[Stored data entries]
####################
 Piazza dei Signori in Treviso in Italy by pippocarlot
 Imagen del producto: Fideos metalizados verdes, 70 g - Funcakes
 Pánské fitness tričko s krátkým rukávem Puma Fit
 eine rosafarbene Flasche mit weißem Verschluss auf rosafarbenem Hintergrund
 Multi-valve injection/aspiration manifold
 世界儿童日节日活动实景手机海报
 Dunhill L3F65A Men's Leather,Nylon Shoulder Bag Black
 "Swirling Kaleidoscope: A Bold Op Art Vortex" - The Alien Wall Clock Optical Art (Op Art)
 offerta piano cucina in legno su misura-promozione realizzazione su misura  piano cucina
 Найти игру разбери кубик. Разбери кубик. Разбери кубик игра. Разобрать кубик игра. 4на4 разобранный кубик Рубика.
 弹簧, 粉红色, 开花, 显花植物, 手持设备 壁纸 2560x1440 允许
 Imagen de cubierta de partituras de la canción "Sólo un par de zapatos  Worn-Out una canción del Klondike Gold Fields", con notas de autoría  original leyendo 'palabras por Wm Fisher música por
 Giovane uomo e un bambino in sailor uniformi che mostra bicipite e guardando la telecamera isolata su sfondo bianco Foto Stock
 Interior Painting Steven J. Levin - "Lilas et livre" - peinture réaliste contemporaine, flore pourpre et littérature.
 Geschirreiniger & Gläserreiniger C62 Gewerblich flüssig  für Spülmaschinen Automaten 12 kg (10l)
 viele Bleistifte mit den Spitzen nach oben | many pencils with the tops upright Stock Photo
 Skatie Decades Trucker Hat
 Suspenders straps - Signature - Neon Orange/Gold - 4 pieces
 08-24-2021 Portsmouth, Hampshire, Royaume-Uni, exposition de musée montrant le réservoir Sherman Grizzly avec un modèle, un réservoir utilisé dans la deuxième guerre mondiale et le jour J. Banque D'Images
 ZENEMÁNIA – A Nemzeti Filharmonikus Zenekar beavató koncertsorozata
####################
*Exercise goal:* Both the line containing "Pánské fitness tričko" and the line containing "Dunhill L3F65A Men's" belong in the answer. Print them and every line above that falls between them exactly, and no others.

*Completed exercise:*
 Pánské fitness tričko s krátkým rukávem Puma Fit
 eine rosafarbene Flasche mit weißem Verschluss auf rosafarbenem Hintergrund
 Multi-valve injection/aspiration manifold
 世界儿童日节日活动实景手机海报
 Dunhill L3F65A Men's Leather,Nylon Shoulder Bag Black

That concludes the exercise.